Most of the buildings were moved to the new townsite known as New Gatun.
The railroad line also ran though the dam site and as soon as the
present line into Gatun was opened, this likewise was abandoned, and the
station building was razed. By the middle of 1909 the last vestiges of
the old village had disappeared before the encroaching work on the dam.
The antiquity of the place is uncertain,
because none of the its buildings were of masonry. In his narrative of
the pirate Morgan's march to Panama in August, 1670, Esquemeling says:
The first day they sailed only six leagues, and came to a place
called De Los Bracos. Here
a party of his men went ashore, only to sleep and stretch their limbs,
being almost crippled with lying to
much crowded in the boats. Having
rested awhile, they went abroad to seek victuals in the neighboring
plantations; but they could find none, the Spaniards being fled, and
carrying with them all they had.
The
location on the river corresponds to that of Gatun, for six Spanish
leagues equal about nine miles, and even if the situation of
De Los Bracos is not identical with
old Gatun the narrative indicates that the region thereabouts was
somewhat settled. It is known that the Spaniards had erected a fort on a
hill 120 feet above the river, overlooking the town, which was probably
one of the outposts they had established at various points along the
isthmian trade routes. Evidences of the old fort are found today, and
the site is shown on the original land-map made for the Panama Railroad
in 1855. At that time the
village had about one hundred buildings of all kinds.
Writing of it in 1861 Otis says it was a village composed of
forty or fifty huts of cane and palm. In the early days of the
California immigration it was the first stopping place in the canoe
journey up the Chagres where "bongo-loads of California travelers
used to stop for refreshments on their way up the river, and where eggs
sold four for a dollar, and the rent for a hammock was two dollars a
night.
In
1881 the French chose Gatun as the site for one o the canal residencies,
erected machine shops there, and built a number of quarters for
laborers, calling the new section, "Cite de Lesseps.

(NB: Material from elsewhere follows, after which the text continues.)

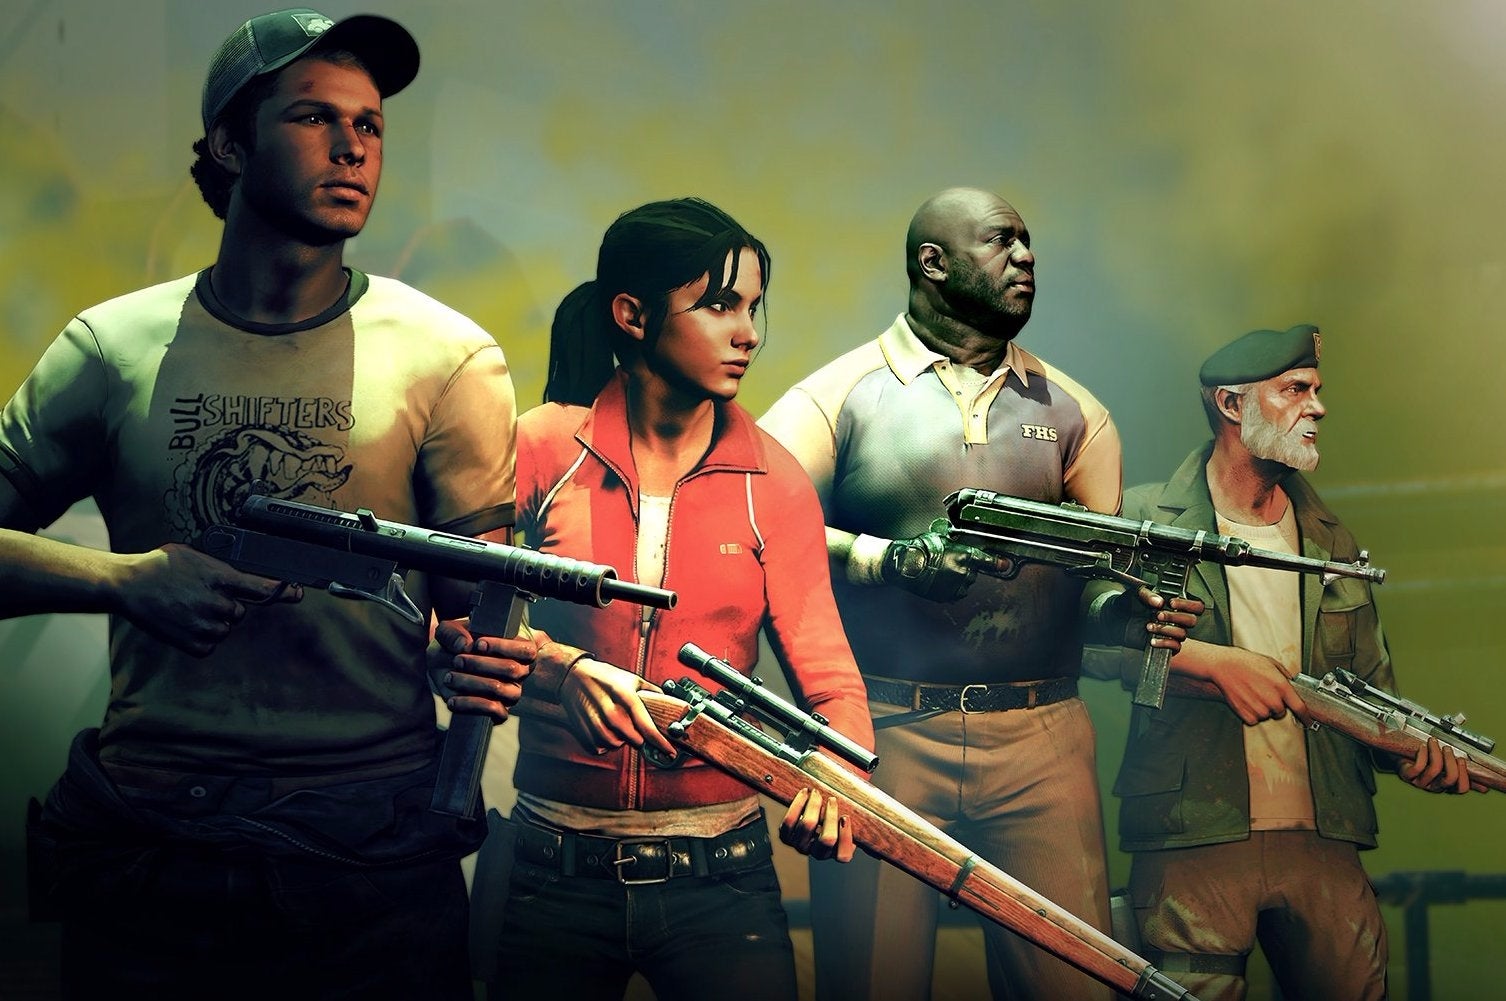 Image for Left 4 Dead characters join Zombie Army Trilogy

This
continued as a center of the work of excavation until 1888, when all
operations ceased, not to be resumed here until 1904.
When
the Americans arrived in 1904, Gatun was the center of a comparatively
large river trade. Bananas and other produce from the Gatun, Trinidad,
and Chagres Rivers, were brought there for transshipment by rail, and
for sale. Once a week,
a shipment of from seven to nine carloads of. bananas was made, and on
the shipping day, as many as a hundred canoes would up at Gatun.